I’m in the weird position
of trying to dismantle my own sexuality
or not my sexuality but rather
the reputation assigned me because of it
I want to make the point
that I can be open about the topic
write poetry all about it
share what I want when I want but
that doesn’t make you entitled
to make jokes or assumptions or commentary
& being sexual doesn’t mean I want to have sex
with everyone, all the time
it just means I want to break the taboos
which lead to communication issues & a
lack of understanding
& why should I hide something that makes me
happy, & empowered
or should do theoretically
yet lately I’ve swallowed so many thoughts on the matter
cos I got traumatised by everyone calling me a whore
& I don’t wanna talk about it
not here, not with you
not on anything that’s not my own terms
it’s not your business unless I want it to be
& don’t you understand you’re wrong about me
you’re missing half the story
years of pain & regret & discomfort
followed by a seven-month celibacy & sexual ascension
a power I never felt before
don’t you understand I’m not seventeen anymore
desperate for validation
skipping over respect
don’t you understand I’m a woman now
& you can get the fuck out of my bed unless you’re
blessing it.
Devon Webb is a 25-year-old writer based in Aotearoa New Zealand.

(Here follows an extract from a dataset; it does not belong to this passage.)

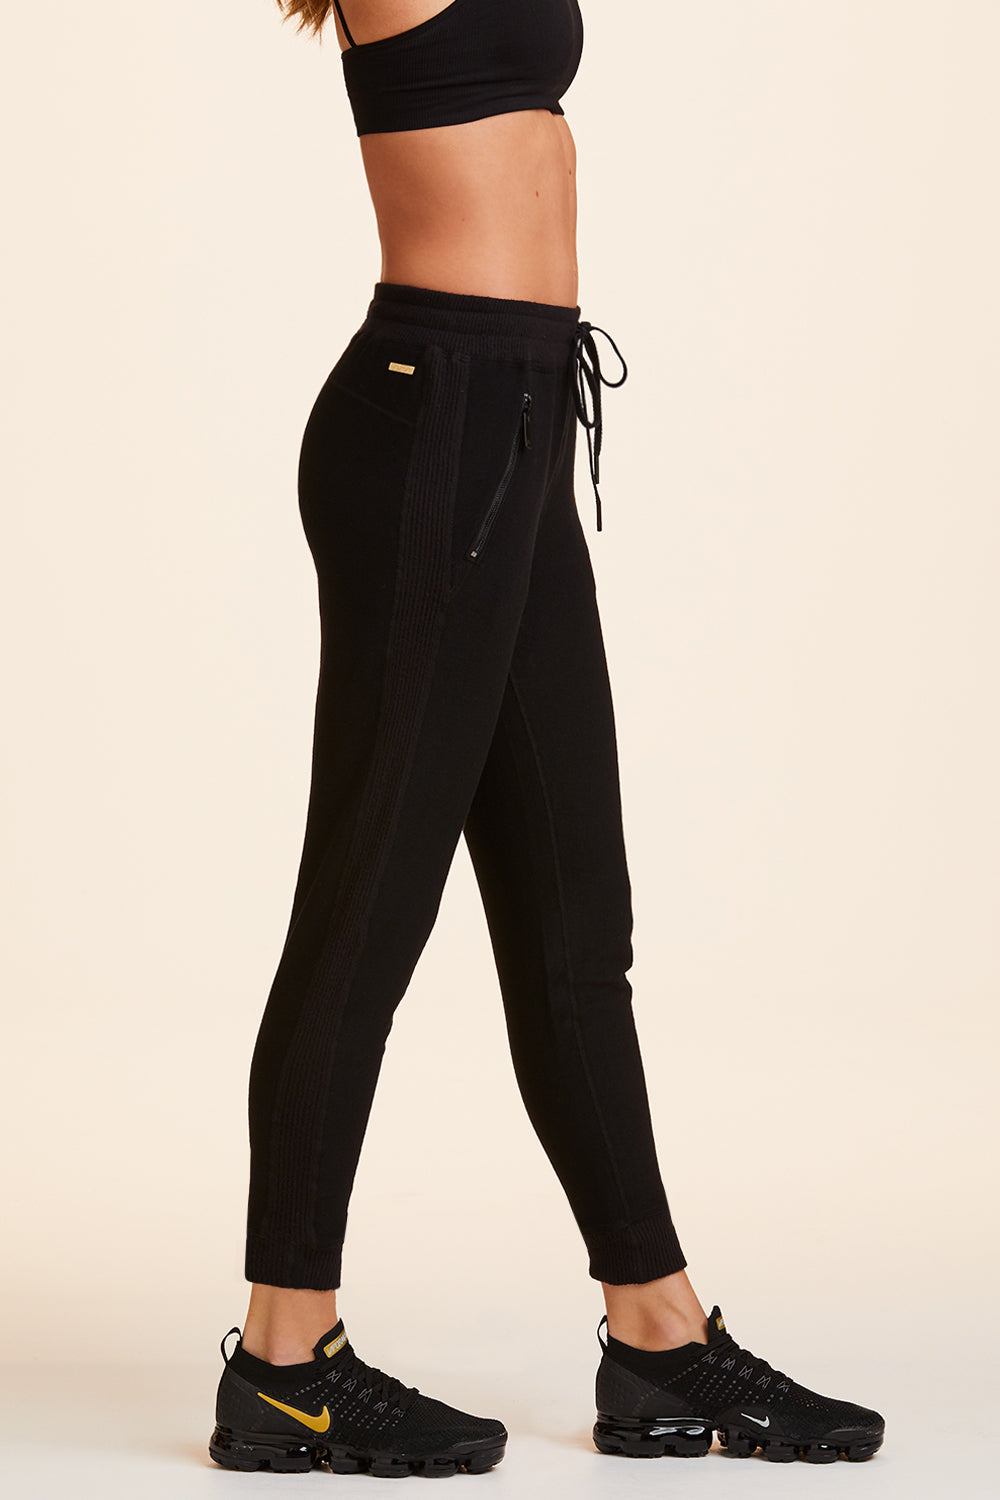 Side view of Alala Women's Luxury Athleisure black sweatpant

She writes full-time, exploring themes of femininity, youth & neurodivergence. She shares her poetry online, through live performance, & has been widely published both locally & internationally. She is the two-time Wellington Slam Poetry Champion & is currently working on the final edits of her debut novel, The Acid Mile. Her work can be found on Instagram, Twitter & TikTok at @devonwebbnz.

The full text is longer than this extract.